On Fri, 2007-10-26 at 14:39 -0700, David Rientjes wrote:
> On Fri, 26 Oct 2007, Lee Schermerhorn wrote:
>
> > So, you pass the subset, you don't set the flag to indicate you want
> > interleaving over all available. You must be thinking of some other use
> > for saving the subset mask that I'm not seeing here. Maybe restoring to
> > the exact nodes requested if they're taken away and then re-added to the
> > cpuset?
> >
>
> Paul's motivation for saving the passed nodemask to set_mempolicy() is so
> that the _intent_ of the application is never lost. That's the biggest
> advantage that this method has and that I totally agree with. So whenever
> the mems_allowed of a cpuset changes, the MPOL_INTERLEAVE nodemask of all
> attached tasks becomes their intent (pol->passed_nodemask) AND'd with the
> new mems_allowed. That can be done on mpol_rebind_policy() and shouldn't
> be an extensive change.
>
> So MPOL_INTERLEAVE, and possibly other, mempolicies will always try to
> accomodate the intent of the application but only as far as the task's
> cpuset restriction allows them.
>
> David
Maybe it's just me, but I think it's pretty presumptuous to think we can
infer the intent of the application from the nodemask w/o additional
flags such as Christoph proposed [cpuset relative]--especially for
subsets of the cpuset.

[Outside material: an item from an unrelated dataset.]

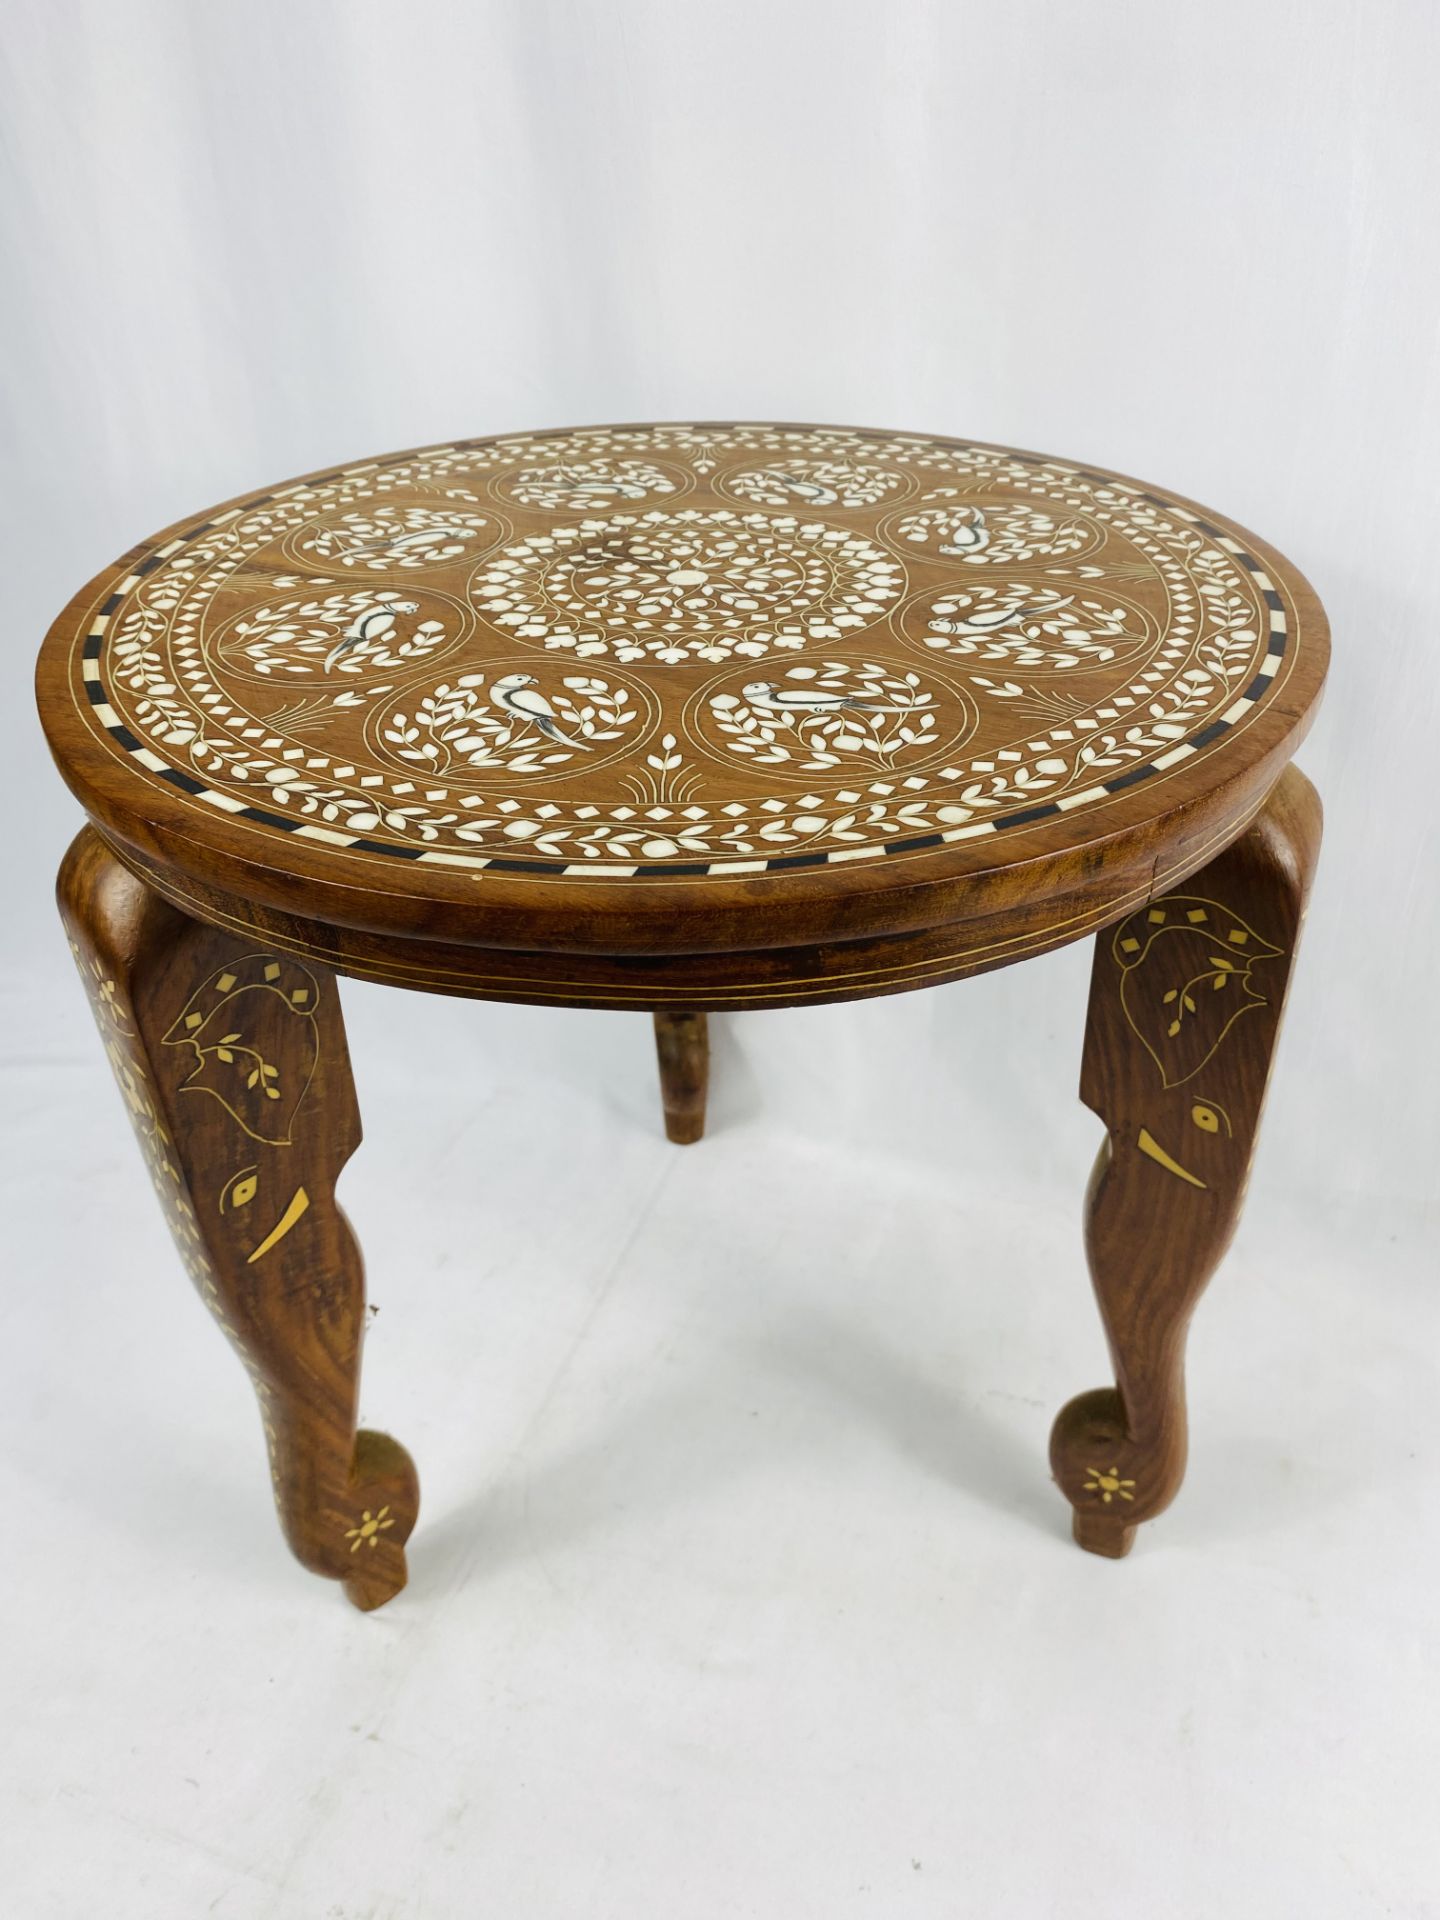 Indian occasional table with bone inlay - Image 2 of 4

E.g., the application could intend the nodemask
to specify memories within a certain distance of a physical resource,
such as where a particular IO adapter or set thereof attach to the
platform.
And even when the intent is to preserve the cpuset relative positions of
the nodes in the nodemask, this really only makes sense if the original
and modified cpusets have the same physical topology w/rt multi-level
NUMA interconnects. This is something that has bothered me about
dynamic cpusets and current policy remapping. We don't do a good job of
explaining the implications of changing cpuset topology on applications,
nor do we handle it very well in the code. Paul addresses one of my
concerns in a later message in this thread, so I'll comment there.